1. Download the exe and Run Successfully
Open the website https://ollama.com/download
Click Download. After the download is complete, double-click to open the installation interface, and click Install
to complete the installation.
After completion, a black or blue window will automatically pop up. Enter the 3 words ollama run qwen
and press Enter. This will automatically download the Tongyi Qianwen model.
Wait for the model download to finish. No proxy is required, and the speed is quite fast.
The model will automatically run after the download is complete. When the progress reaches 100% and the "Success" character is displayed, it means that the model has been successfully run, and it also means that the Tongyi Qianwen large model installation and deployment are all completed, and you can use it happily. Isn't it super simple?
The default API endpoint address is http://localhost:11434
If the window is closed, how do I open it again? It's also very simple. Click the computer's start menu, find "Command Prompt" or "Windows PowerShell" (or directly press
Win+q
and type cmd to search), click to open it, and enterollama run qwen
to complete the process.
2. Use Directly in the Console Command Window
As shown in the figure, when this interface is displayed, you can actually enter text directly in the window to start using it.
3. Of course, this interface may not be very friendly, so let's get a friendly UI.
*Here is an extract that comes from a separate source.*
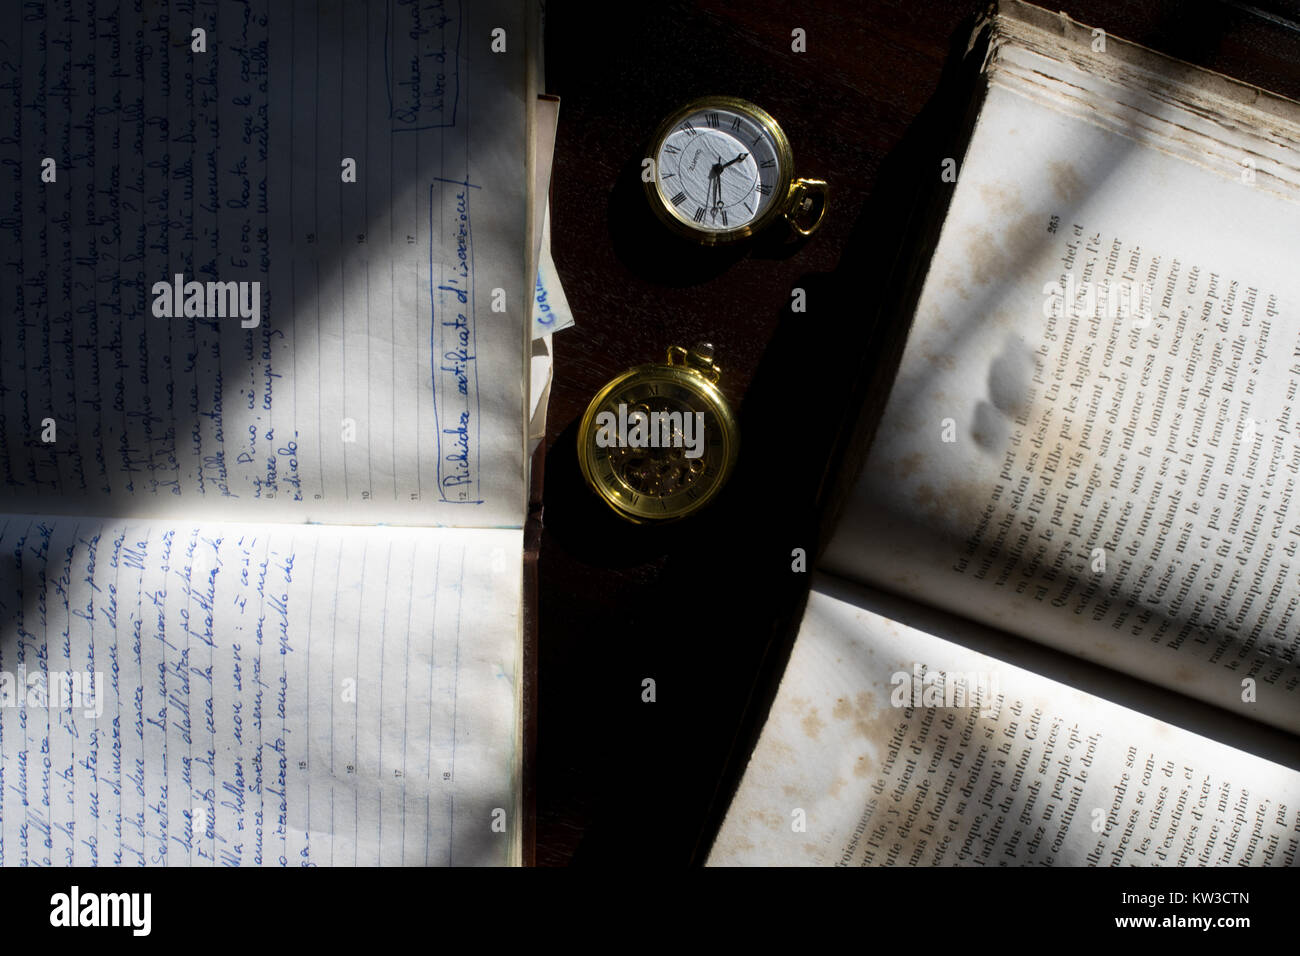 concept of past time with old manuscripts and pocket watches Stock Photo

Open the website https://chatboxai.app/zh and click Download.
Double-click after downloading and wait for the interface window to open automatically.
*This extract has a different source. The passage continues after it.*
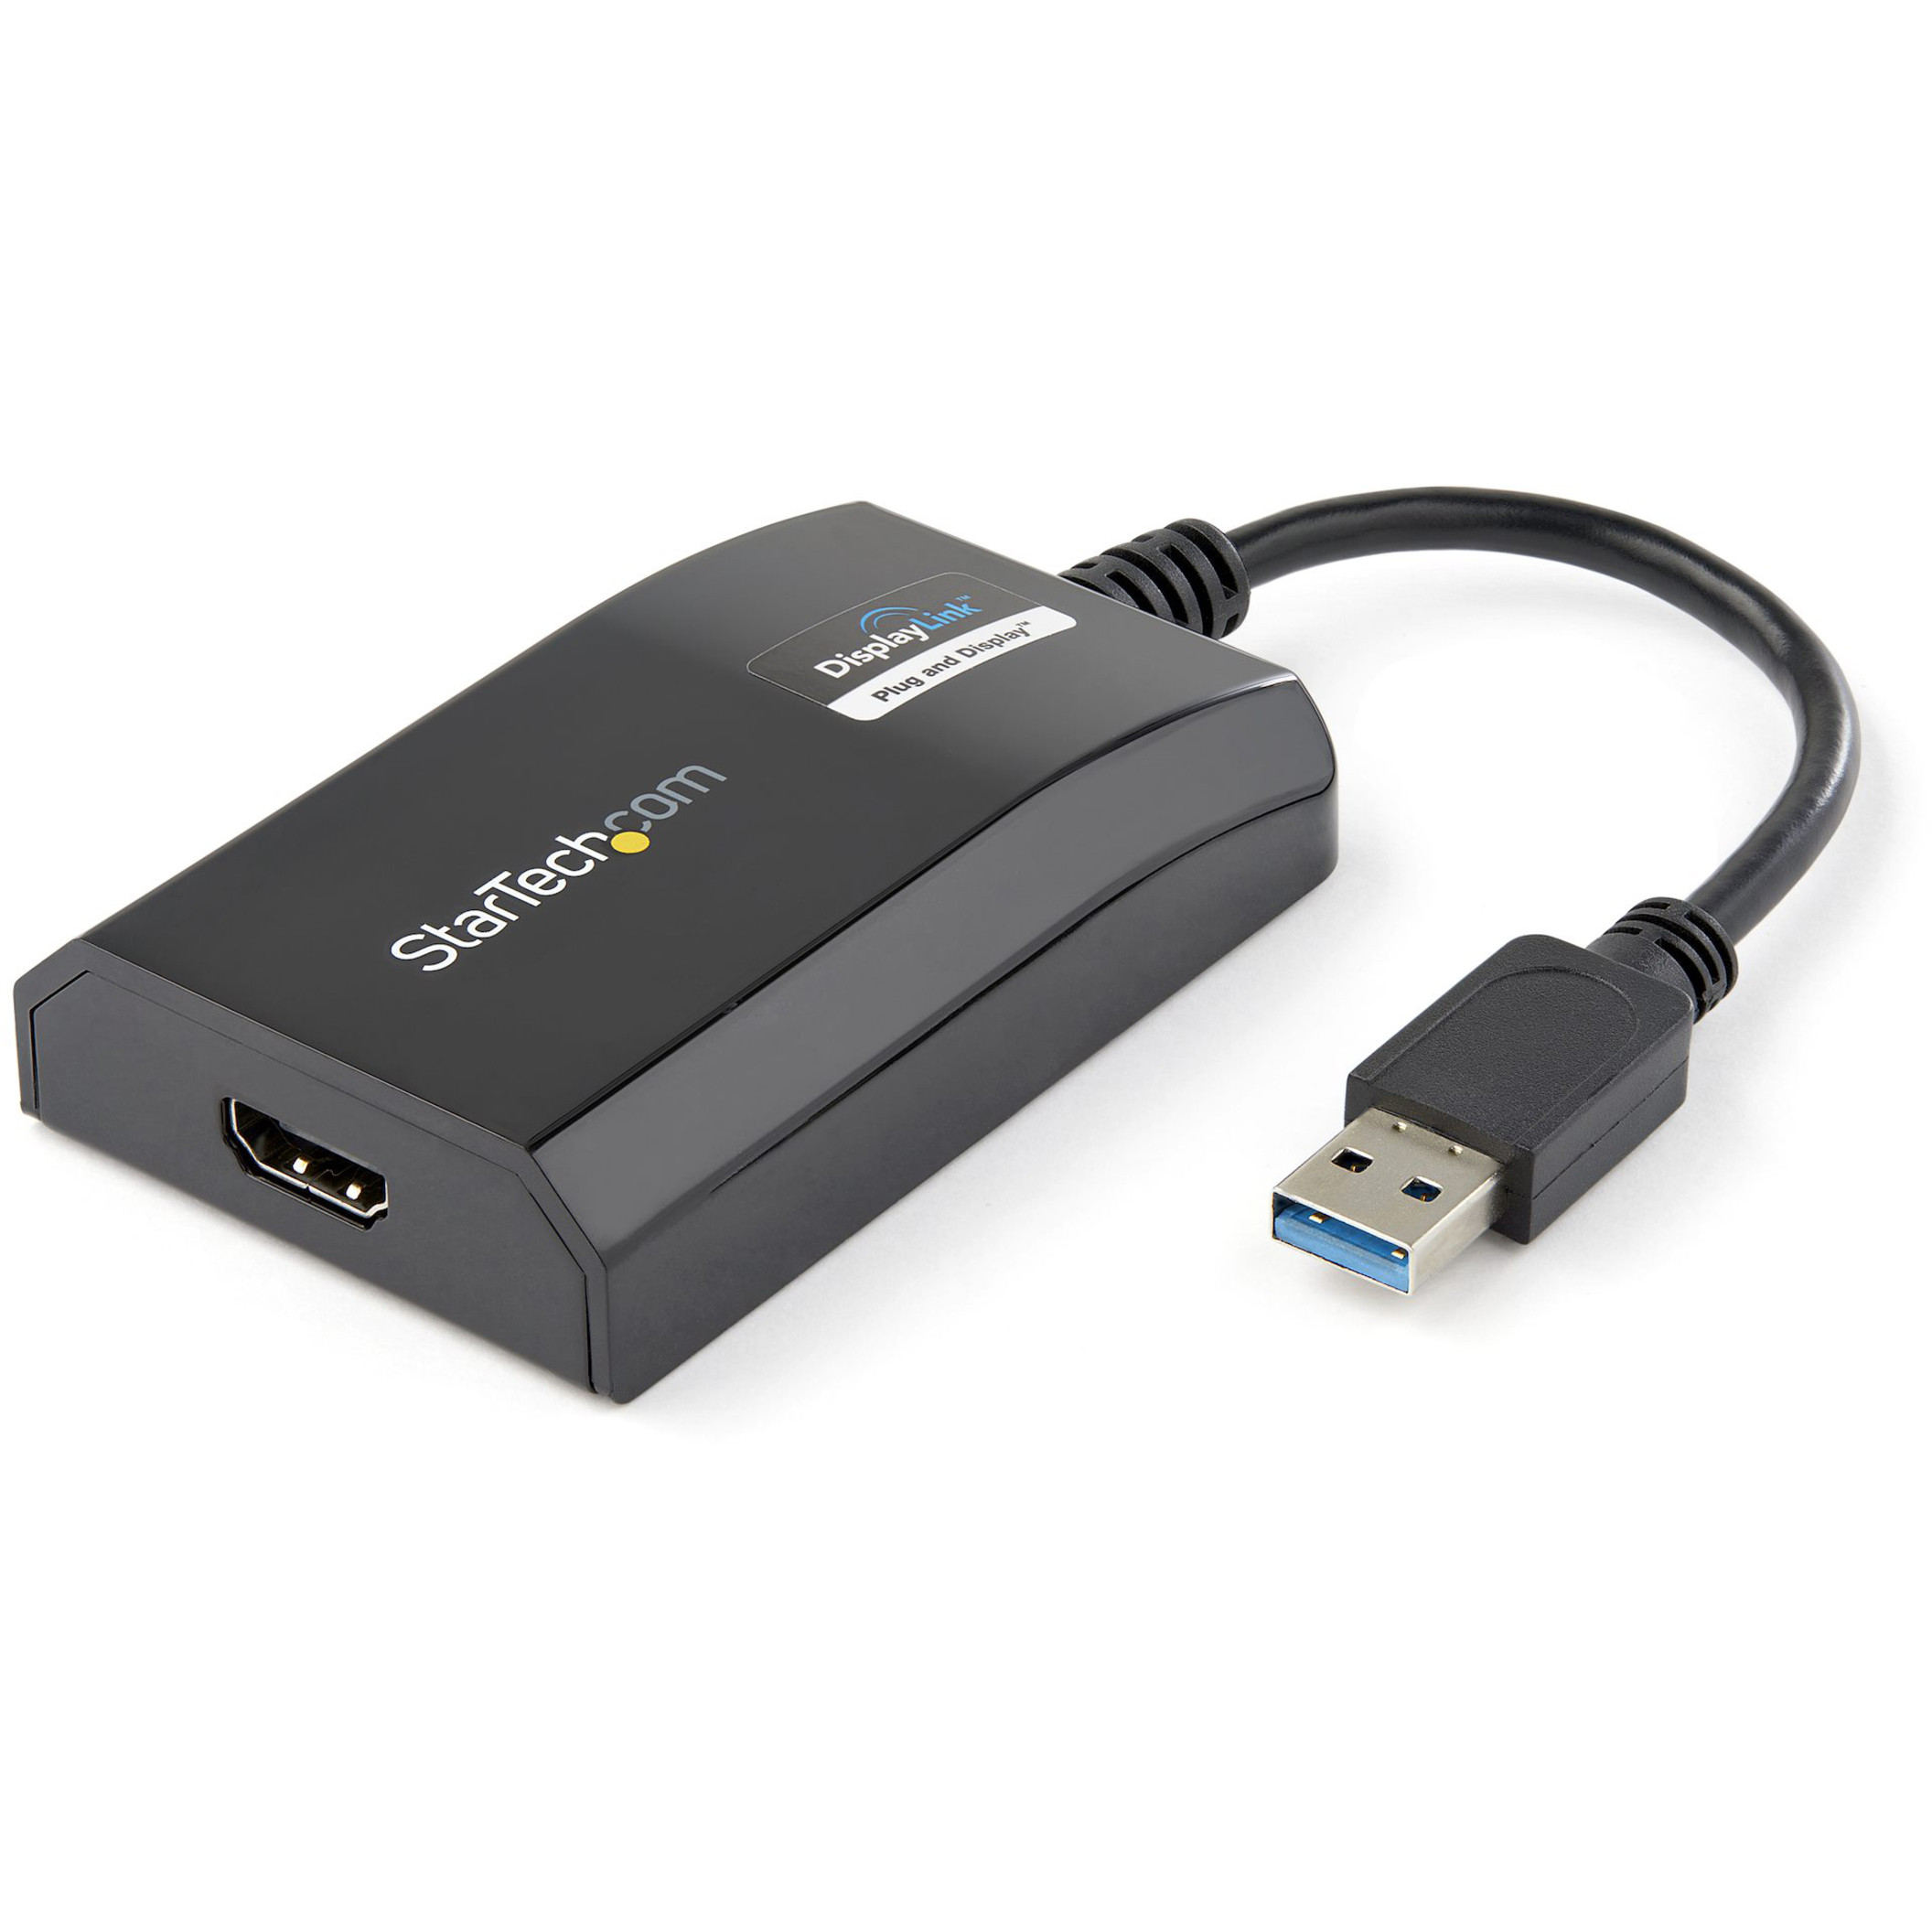 blok Bekendtgørelse Intakt Startech .com USB 3.0 to HDMI Adapter, DisplayLink Certified, 1920x1200, USB-A  to HDMI Display Adapter, External Graphics Card for Mac/PCUS... USB32HDPRO  - Corporate Armor

Click "Start Settings". In the pop-up overlay, click the top Model, select "Ollama" in the AI Model Provider, fill in the API domain address http://localhost:11434
, select Qwen:latest
in the Model drop-down menu, and then save it.
The usage interface displayed after saving. Use your imagination and use it freely.
4. Fill in the API to the Video Translation and Dubbing Software
Open Menu--Settings--Compatible with OpenAI and Local Large Models, add a model
,qwen
in the middle text box, as shown below, and then select the model.Fill in
http://localhost:11434/v1
in the API URL, and fill in the SK arbitrarily, such as 1234.Test if it is successful, save it if it is successful, and go to use it.
5. What Other Models Can Be Used?
In addition to Tongyi Qianwen, there are many models that can be used. The usage method is just as simple, just 3 words ollama run model name
.
Open this address https://ollama.com/library to see all the model names. If you want to use a model, copy the name, and then execute ollama run model name
.
Remember how to open the command window? Click the start menu and find Command Prompt
or Windows PowerShell
.
For example, I want to install the openchat
model.
Open Command Prompt
, enter ollama run openchat
, press Enter, and then wait until Success is displayed.
Important Notes:
Most AI translation channels may limit the number of requests per minute. If an error message indicating that the request frequency has been exceeded appears during use, you can click "Translation Channel↓" on the software's main interface and change the pause seconds to 10 in the pop-up window. This means waiting 10 seconds after each translation before initiating the next translation request, with a maximum of 6 times per minute to prevent exceeding the frequency limit.
If the selected model is not intelligent enough, especially if the locally deployed model is limited by hardware resources and is usually smaller, it may not be able to accurately return translated text in the required format according to the instruction requirements, and there may be too many blank lines in the translation results. At this time, you can try using a larger model, or open Menu--Tools/Options--Advanced Options--Send Complete Subtitle Content when using AI translation and uncheck the box.